Der Fokus von Toozes Wirtschaftsgeschichte liegt insgesamt auf der Schwerindustrie, auf Kohle und Stahl als den beiden bedeutendsten Rohstoffen für die Militärmaschinerie. Während daneben die Landwirtschaft in ihrer Bedeutung präsent bleibt, wird die Konsumgüterindustrie in seiner Studie weitgehend vernachlässigt. Noch viel mehr gilt das für die Unterhaltungsbranche, der das Regime eine wichtige Rolle für die Stimmung in der Bevölkerung beimaß. Man muss nur daran erinnern dass der teuerste Film der NS-Zeit, das Drama Kolberg, Ende 1944 unter schwierigsten Bedingungen, mit Tausenden von dringend benötigten Wehrmachtssoldaten als Statisten, fertig gestellt wurde. So wichtig die Betonung wirtschaftlicher Faktoren für ein Verständnis des Nationalsozialismus ist, ideologische Zwänge und Ängste vor einem Zusammenbruch der "Heimatfront" blieben im Verlauf des Krieges, nach den traumatischen Erfahrungen des November 1918, mächtige Handlungsparameter.

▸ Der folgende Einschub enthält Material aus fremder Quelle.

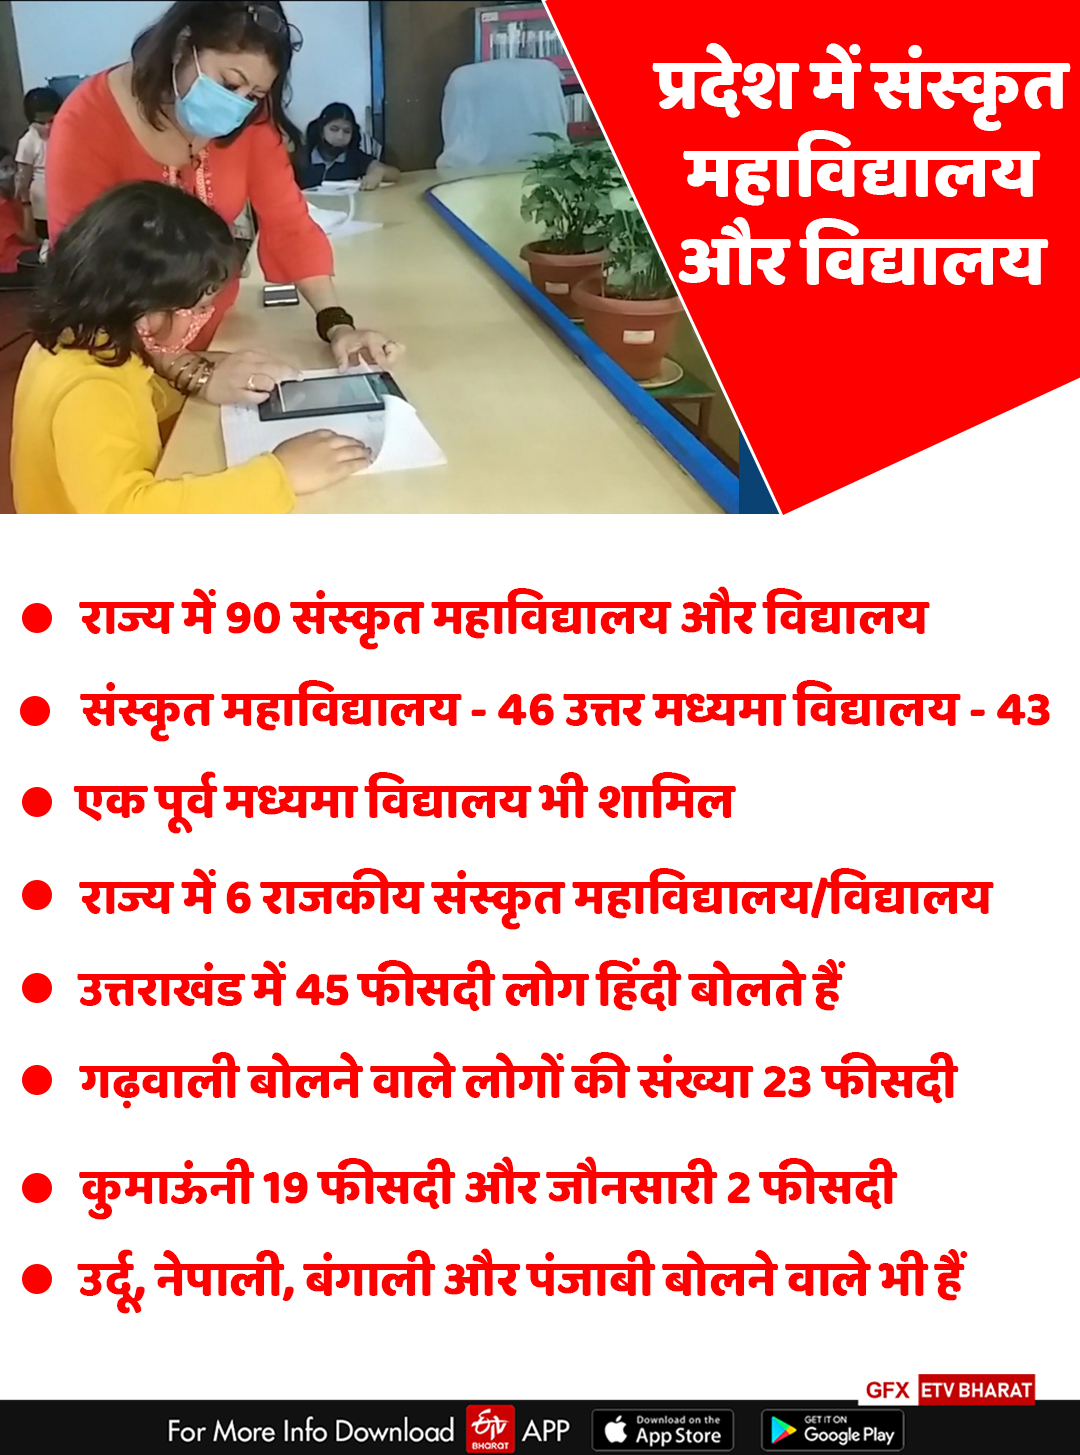 Sanskrit Education in Uttarakhand

Natürlich leugnet Tooze das nicht. In seiner Bewertung Albert Speers, ab 1942 Reichsminister für Bewaffnung und Munition, wird die Rüstung selbst als genuines Propagandaprodukt hervorgehoben. An Speer lässt Tooze kein gutes Haar, und er spricht ihm alle Erfolge bei der Reorganisation der Rüstungswirtschaft ab. Die von Speer vorgenommenen Ressourcenverlagerungen in einzelne, spektakuläre Bereiche, etwa das Adolf-Hitler-Panzerprogramm oder die V1- und V2- Raketenwaffen, waren für Tooze, ähnlich den bekannten Nürnberger Lichtdomen Speers, nichts anderes als Versuche, ein mediales "Rüstungswunder" für die deutsche Öffentlichkeit zu inszenieren. In den beiden letzten Kriegsjahren waren es nur noch drakonische Maßnahmen, wie etwa der massenhafte Einsatz von Sklavenarbeitern aus den KZs, die die deutsche Industrie zu bereits verzweifelten Höchstleistungen führten. Zudem wurden alle noch vorhandenen Ressourcen bis zum Übermaß strapaziert. Tatsächlich war die deutsche Wirtschaft, vor allem durch die Zerstörung der Transportwege und der Fabriken für synthetisches Benzin, bereits Mitte 1944 am Ende. Sie war, so der nahe liegende Schluss, trotz der "erstaunlichen Leistungen" ihrer Rüstungsindustrie, der kombinierten Wirtschaftsmacht ihrer Gegner einfach nicht gewachsen.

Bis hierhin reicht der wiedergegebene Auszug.